- **SUPPLIED INFORMATION**:
*** Begin section ***

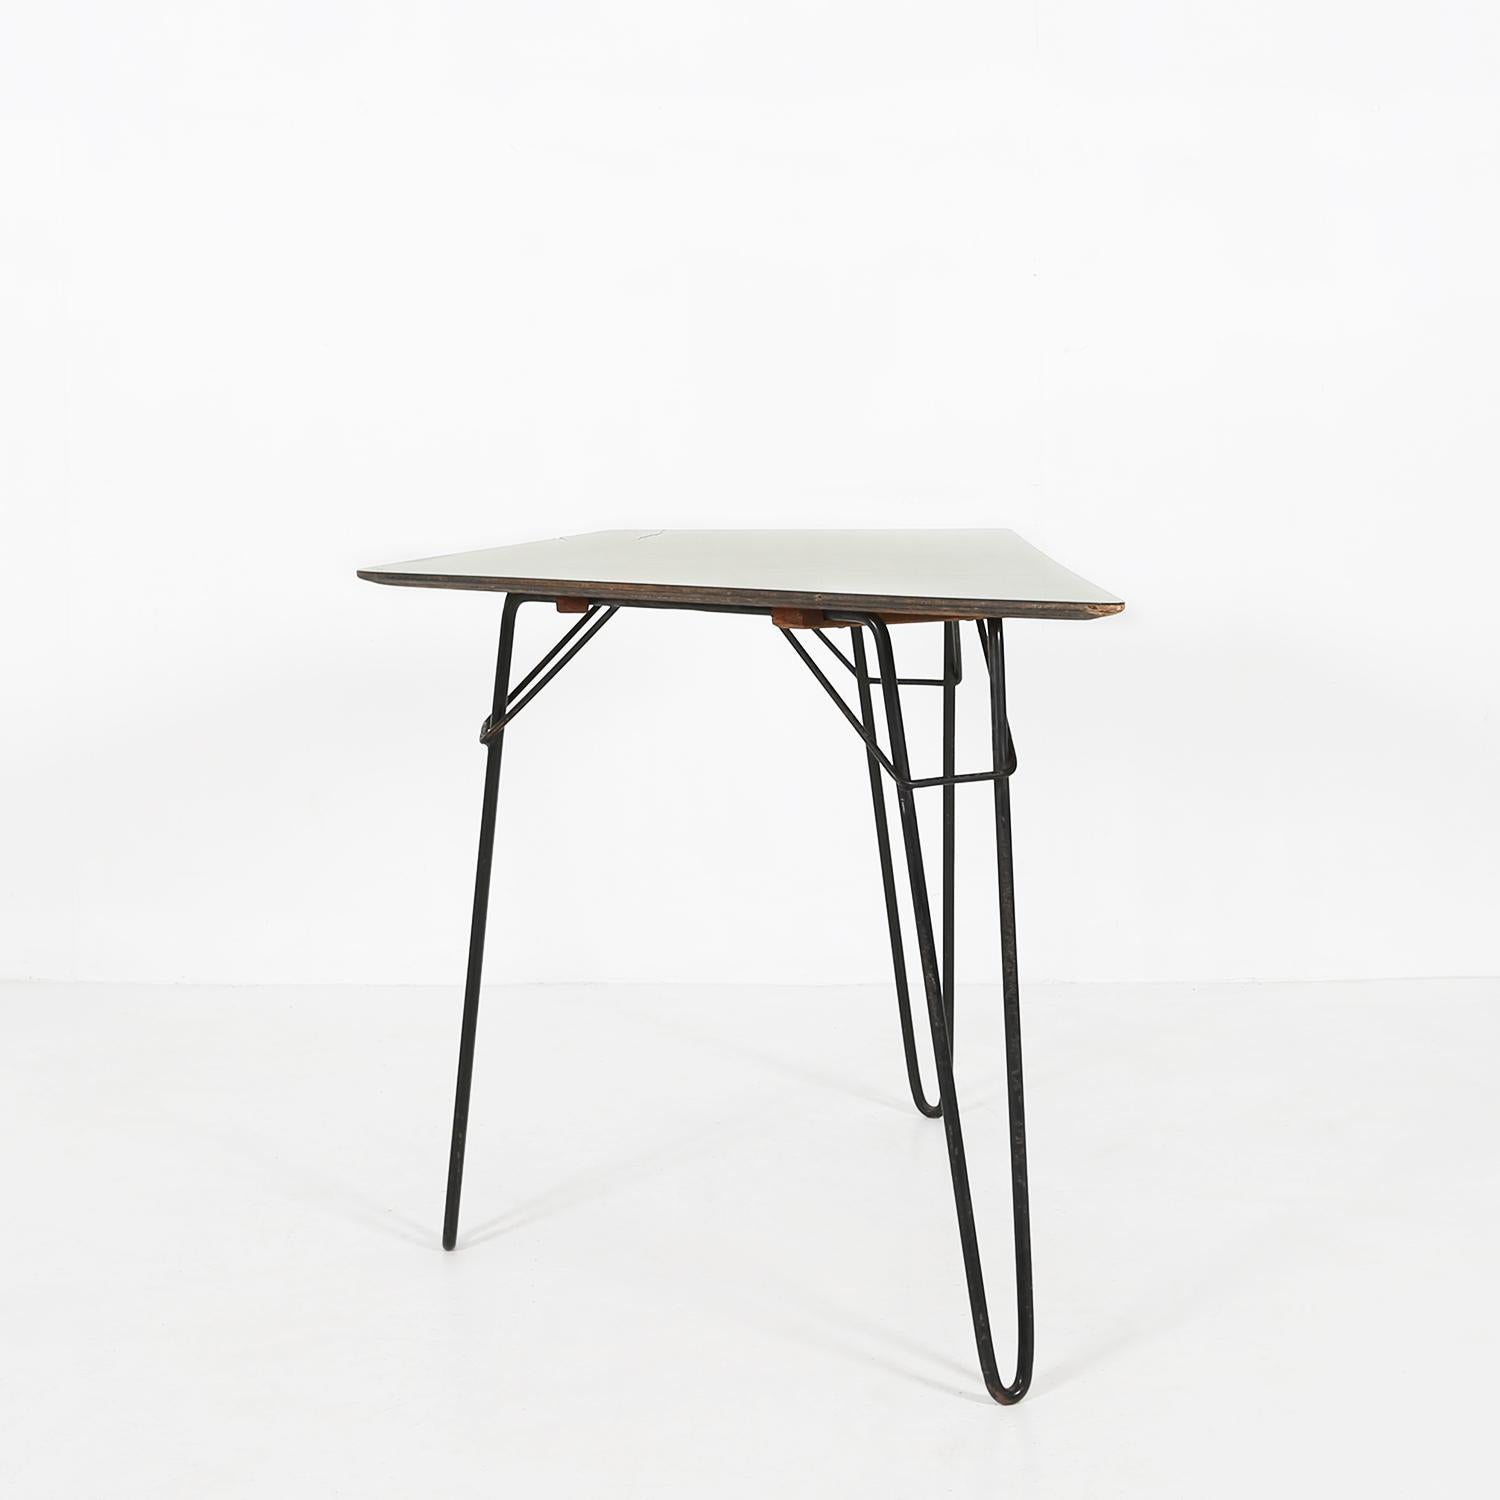 T1 dining table designed by Willy Van Der Meeren for Tubax in 1954.
Made of a black painted metal base and a wooden top with light yellow formica top.

There has been some small restorations don on the table top.
The tables are in a good vintage

*** End section ***

- **WHAT YOU SHOULD DO**:
Return each line of the material exactly as written; exclude the pictures.

- **COMPLETED TASK**:
 T1 dining table designed by Willy Van Der Meeren for Tubax in 1954.
Made of a black painted metal base and a wooden top with light yellow formica top.

There has been some small restorations don on the table top.
The tables are in a good vintage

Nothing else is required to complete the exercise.